Или может быть так, что он находит на улице деньги… сто рублей. Все начинают льстить, подмазываться к нему, выпрашивать деньги, а он только скрещивает руки и разражается изредка оскорбительным смехом… Хорошо, если бы у него был какой-нибудь ручной зверь – леопард или пантера… Когда кто-нибудь ударит или толкнёт Мишку, пантера бросается на обидчика и терзает его. А Мишка будет смотреть на это, скрестив руки, холодный, как скала… А что, если бы на нём ночью выросли какие-нибудь такие иголки, как у ежа?.. Когда его не трогают, чтоб они были незаметны, а как только кто-нибудь замахнётся, иголки приподымаются и – трах! Обидчик так и напорется на них. Узнала бы нынче маменька, как драться. И за что? За что? Он всегда был хорошим сыном: остерегался бегать по детской в одном башмаке, потому что этот поступок по поверью, распространённому в детской, грозил смертью матери… Никогда не смотрел на лежащую маленькую сестрёнку со стороны изголовья – чтобы она не была косая… Мало ли что он делал для поддержания благополучия в их доме. И вот теперь…

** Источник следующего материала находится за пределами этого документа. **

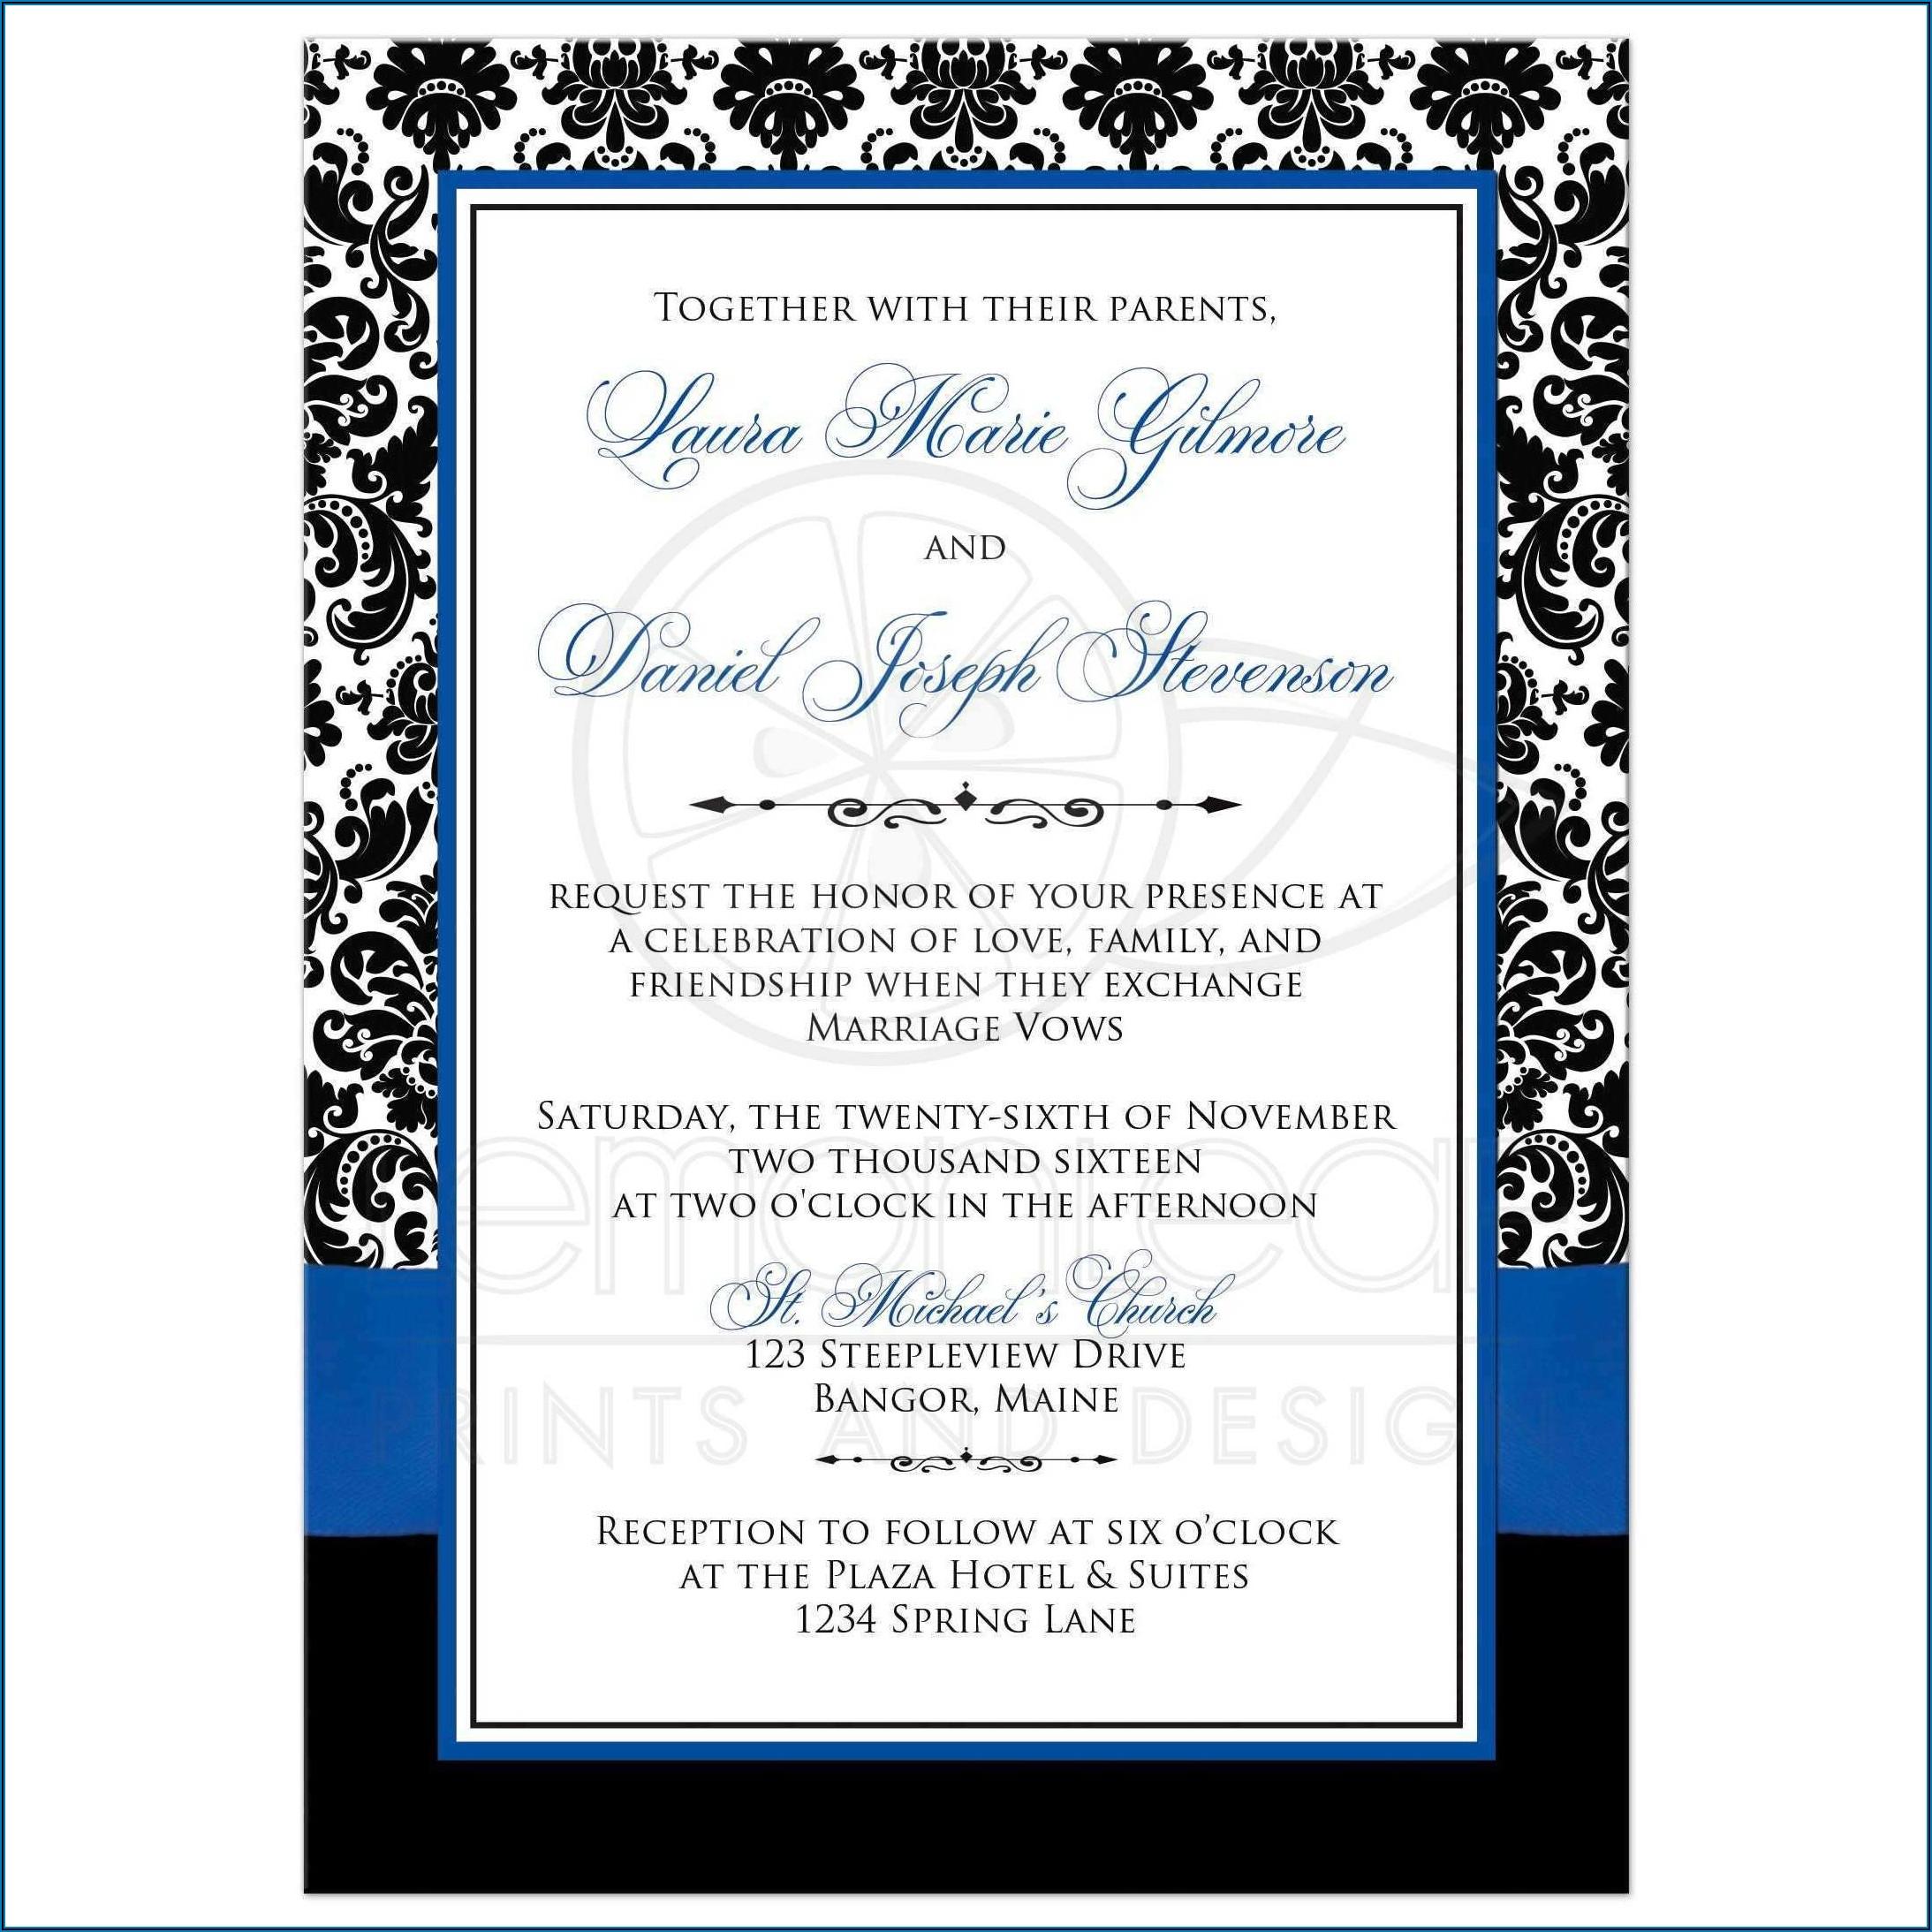 Invitation Cards Templates Online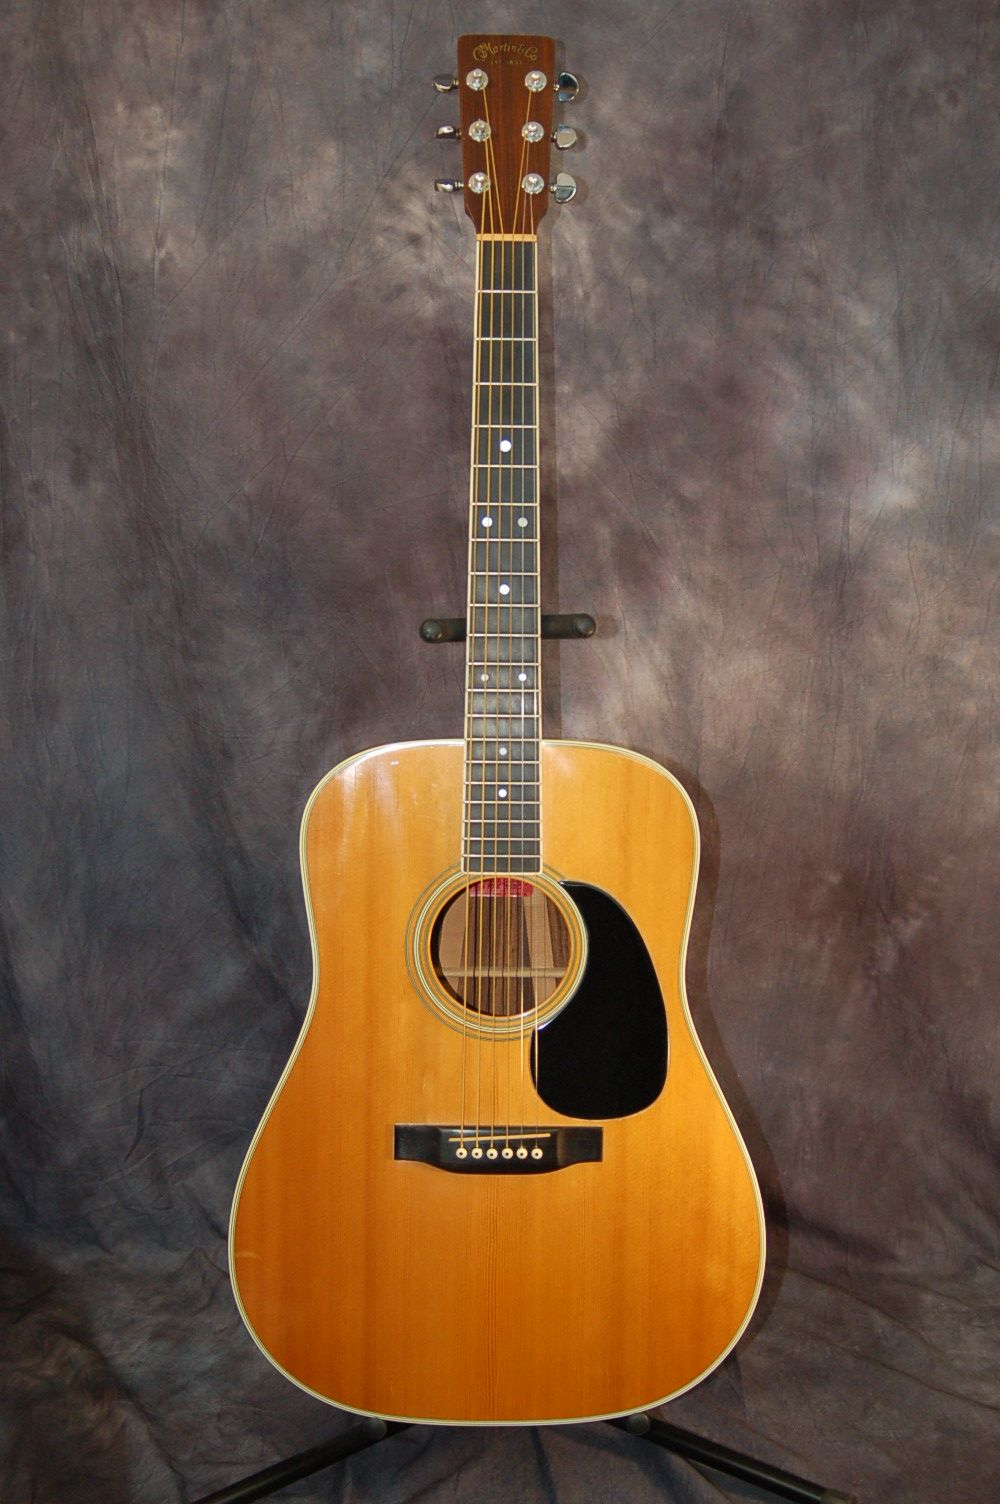 1976 Martin D35 With Original Blue Martin Hardshell Case Lawman Guitars 515 864 6136 Acoustic Guitar Guitar Vintage Guitars

Интересно, что скажут все, когда найдут в тётиной комнате за ширмой маленький труп… Подымется визг, оханье и плач. Прибежит мать: «Пустите меня к нему! Это я виновата!» – «Да уж поздно!» – подумает его труп и совсем, навсегда умрёт…
Мишка встал и пошёл в тёмную комнату тёти, придерживая рукой сердце, готовое разорваться от тоски и уныния… Зашёл за ширмы и присел, но сейчас же, решив, что эта поза для покойника не подходяща, улёгся на ковре. Были сумерки: от низа ширмы вкусно пахло пылью, и тишину нарушали чьи-то заглушённые двойными рамами далекие крики с улицы:

– Алексей Иваныч!.. Что ж вы, подлец вы этакий, обе пары уволокли… Алексей Ива-а-аныч! Отдайте, мерзавец паршивый, хучь одну пару!
«Кричат… – подумал Мишка. – Если бы они знали, что тут человек помирает, так не покричали бы».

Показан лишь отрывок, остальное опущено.